Hafif v. Caledonian-American Insurance Co. of NY
Decision Date | 25 January 1955 |
Citation | 127 F. Supp. 639 |
Parties | Isaac HAFIF, Plaintiff, v. CALEDONIAN-AMERICAN INSURANCE COMPANY OF NEW YORK, The Commonwealth Insurance Company of New York, American Equitable Assurance Company of New York, Fire Association of Philadelphia, Atlas Assurance Company, Limited, and The Yorkshire Insurance Company, Defendants. |
Court | U.S. District Court — Southern District of New York |
Ferris, Adams & Creidy, New York City, for plaintiff.
Macpeak, Abrams & Bleich, New York City, for all defendants except Commonwealth Ins. Co. of New York.
Lowenstein, Pitcher, Amann & Parr, New York City, for defendant, Commonwealth Ins. Co. of New York.
Petitioner, a citizen of New York, commenced this suit in the state Supreme Court against six insurance companies seeking recovery from each of them of its proportionate share of a fire loss sustained by plaintiff. The complaint alleges that each of the six defendants issued a policy of fire insurance covering certain property in St.
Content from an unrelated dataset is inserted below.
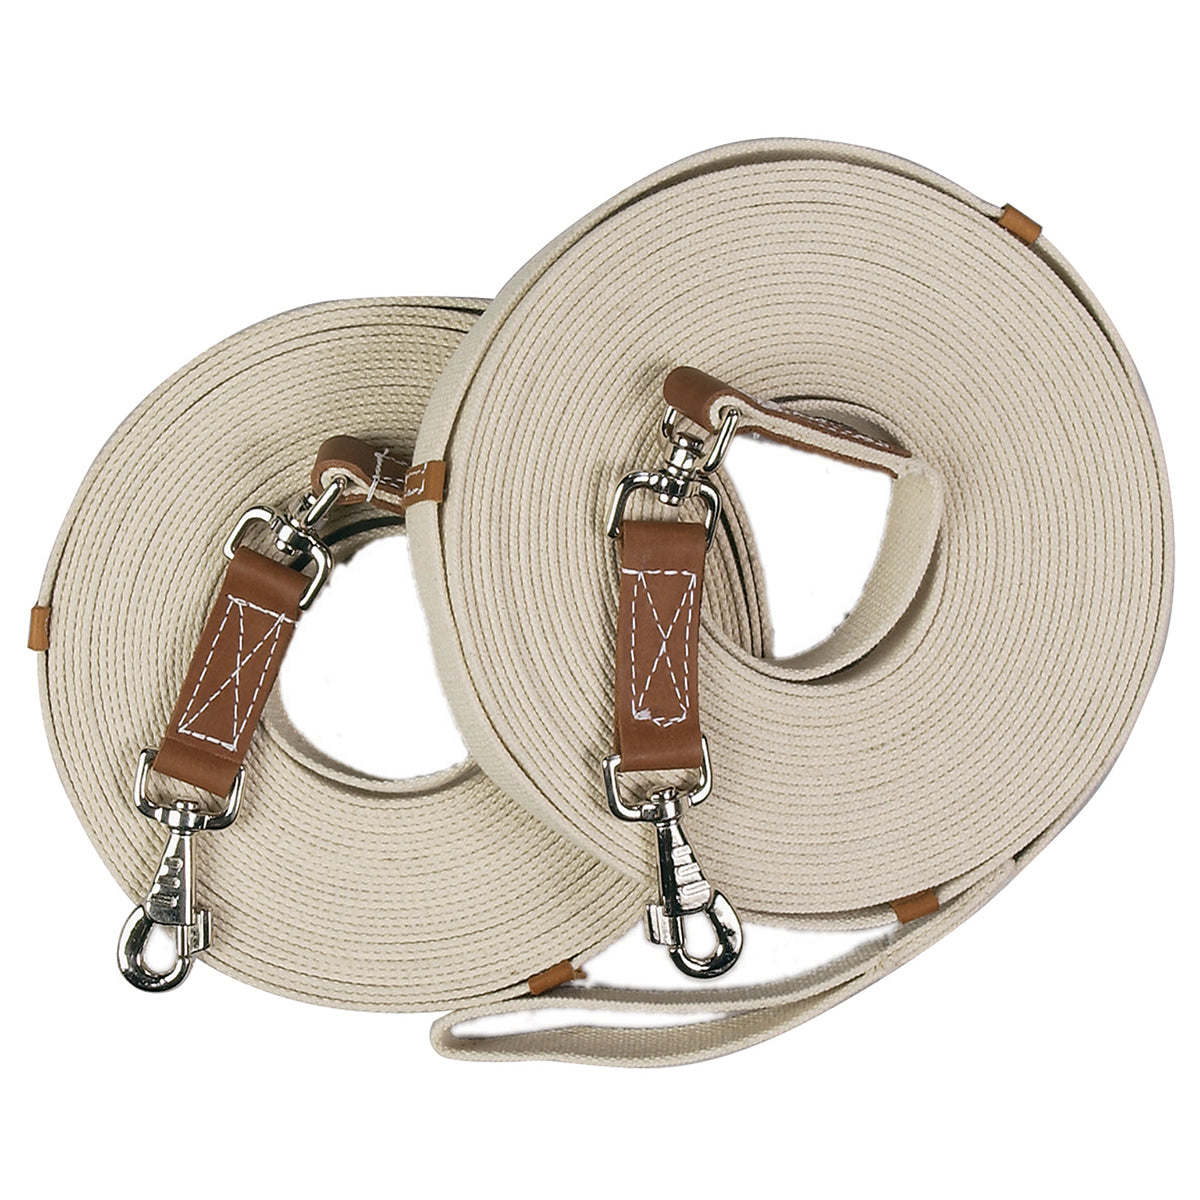 Cotton Web 50' Lunge with Loop

Louis; that the insured property was damaged or destroyed by fire; and that the defendants duly signed a non-waiver agreement in which it was agreed and determined that the loss and damage sustained by the plaintiff as a result of said fire amounted to the sum of $54,121.36. Judgment is demanded against each of the defendants of that proportion of the agreed total loss that the amount of the policy issued by each defendant respectively bears to the total amount of insurance. Two of the defendants, foreign corporations,1 filed a petition for removal pursuant to Section 1441(c) of Title 28 U.S.C.2 in which the remaining defendants, all New York corporations, joined.
Petitioner, relying principally upon American Fire & Cas. Co. v. Finn, 341 U.S. 6, 71 S.Ct. 534, 95 L.Ed. 702, now moves for remand contending that, within the meaning of Section 1441(c), his claims against the two foreign defendants are not "separate and independent" from his claims against the others.
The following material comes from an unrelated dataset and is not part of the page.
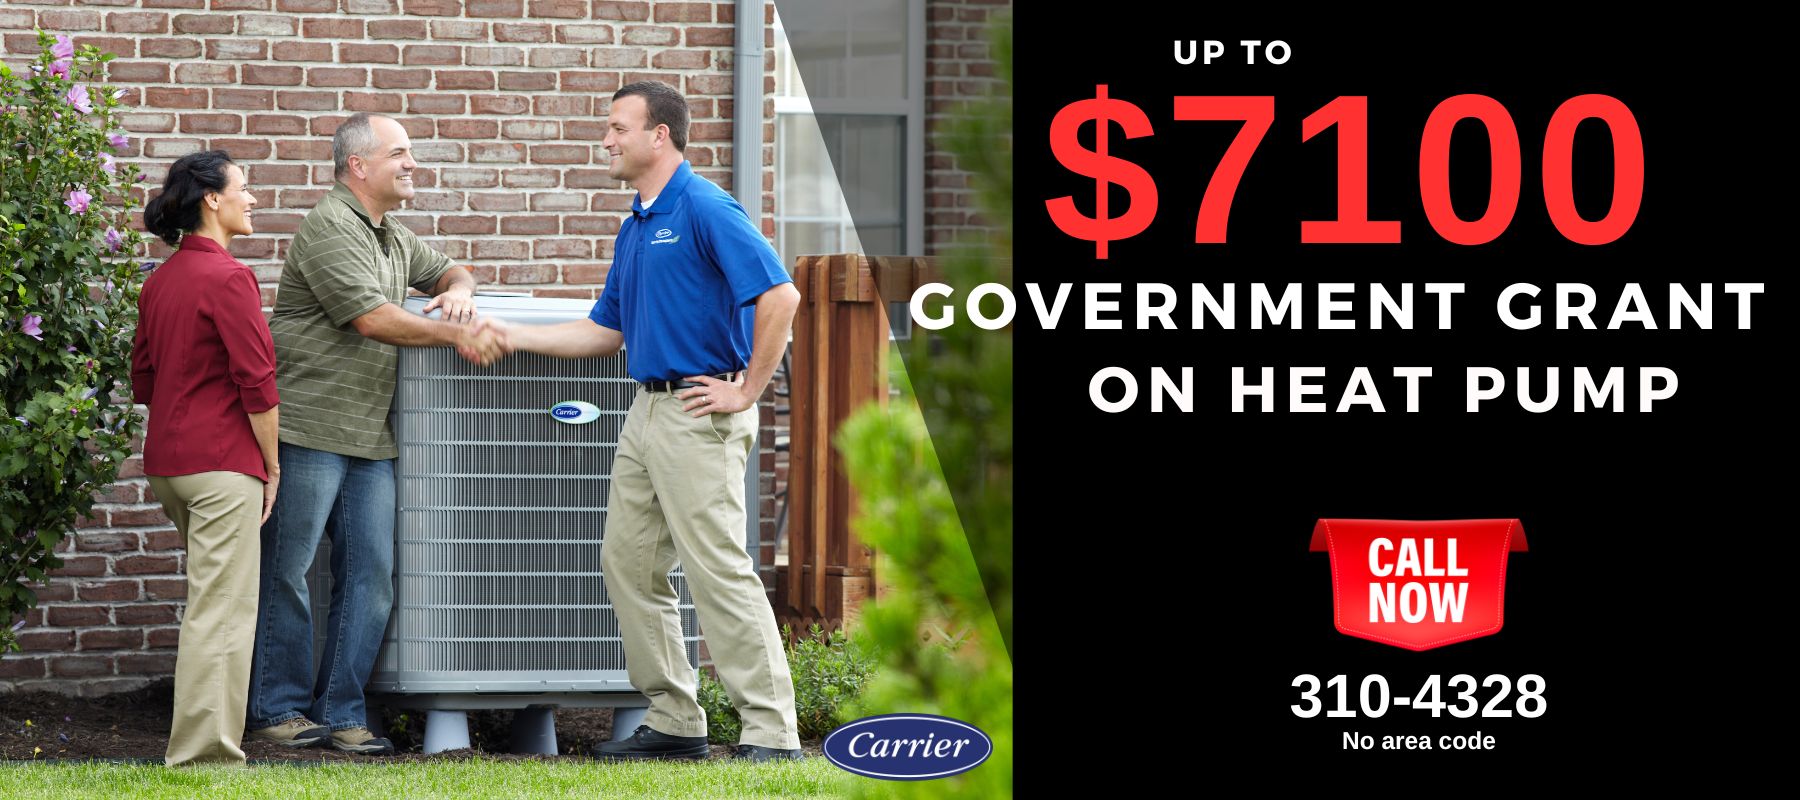 2022-government-heating-cooling-system-rebates-furnaceprices-ca

In the Finn case a resident of Texas sued in the state Court a resident of that state and two non-resident insurance companies. In the first portion of the complaint facts were stated that made one of the two non-resident defendants liable. The next portion thereof stated in the alternative an obligation by the other non-resident to pay the same loss. The last portion of the complaint, alternative to both the preceding, alleged that the resident defendant and the two nonresident insurance companies were jointly and severally liable for the loss. The defendants removed under Sec. 1441(c) and, since universal diversity was lacking, the issue was presented whether the claim against the local defendant was "separate and independent" from the claims against the non-residents. Because the facts in each portion of the complaint involved the resident defendant and the alleged damages arose out of a single incident, the Court held that the claim against him was not "separate and independent".
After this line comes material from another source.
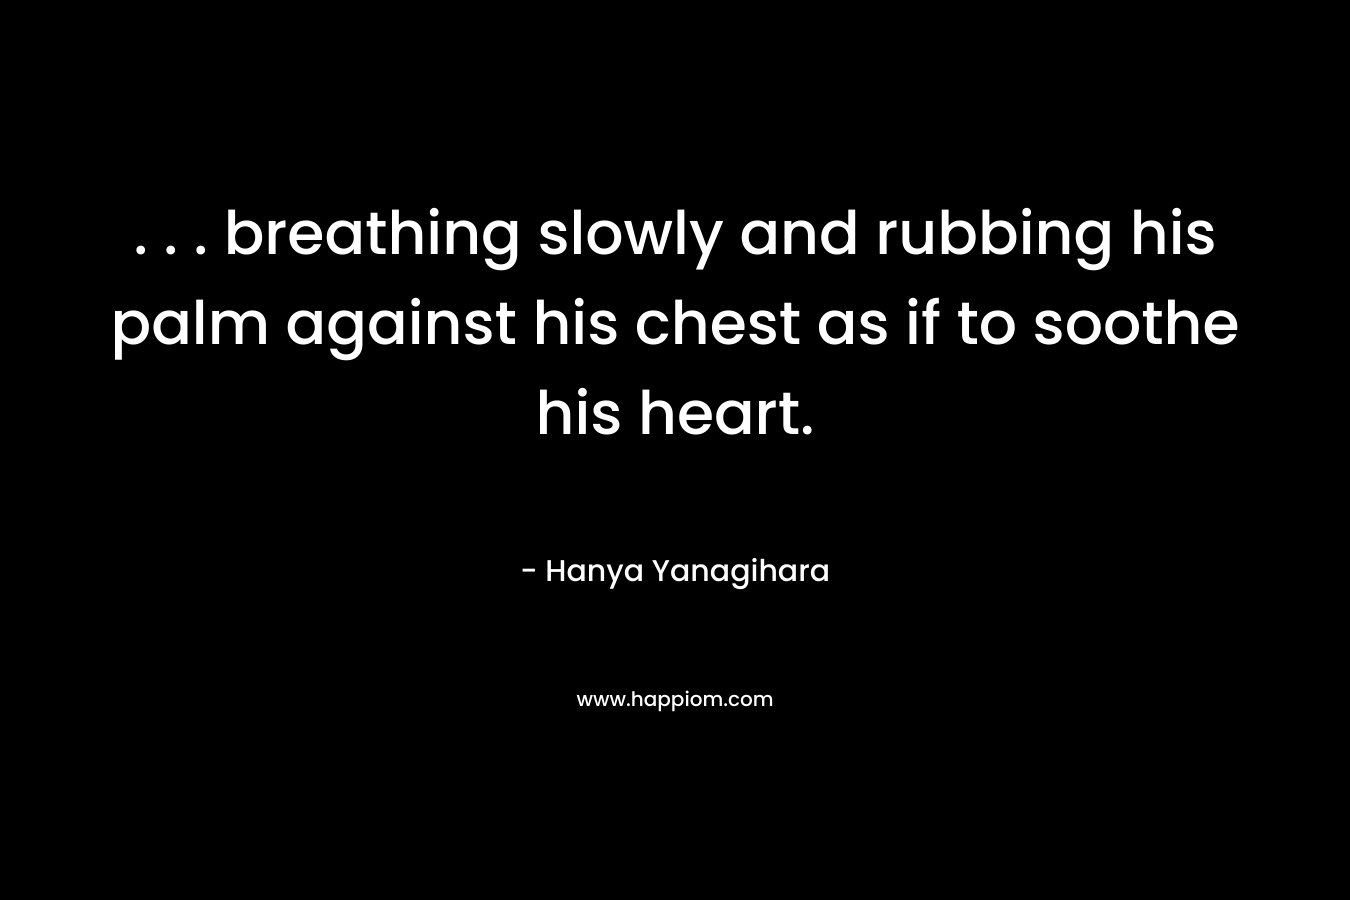 . . . breathing slowly and rubbing his palm against his chest as if to soothe his heart.

Clearly the facts in the instant case do not parallel the fact situation in the Finn case. We find no intertwining of defendants in any of the causes of action. The alleged liability of each defendant is pleaded to be several and not in the alternative. The agreement of each defendant to pay plaintiff upon the happening of the same contingency does not alter the independent nature of the cause of action founded upon each such agreement. Necessarily a common issue is present, otherwise the claims could not have been properly joined.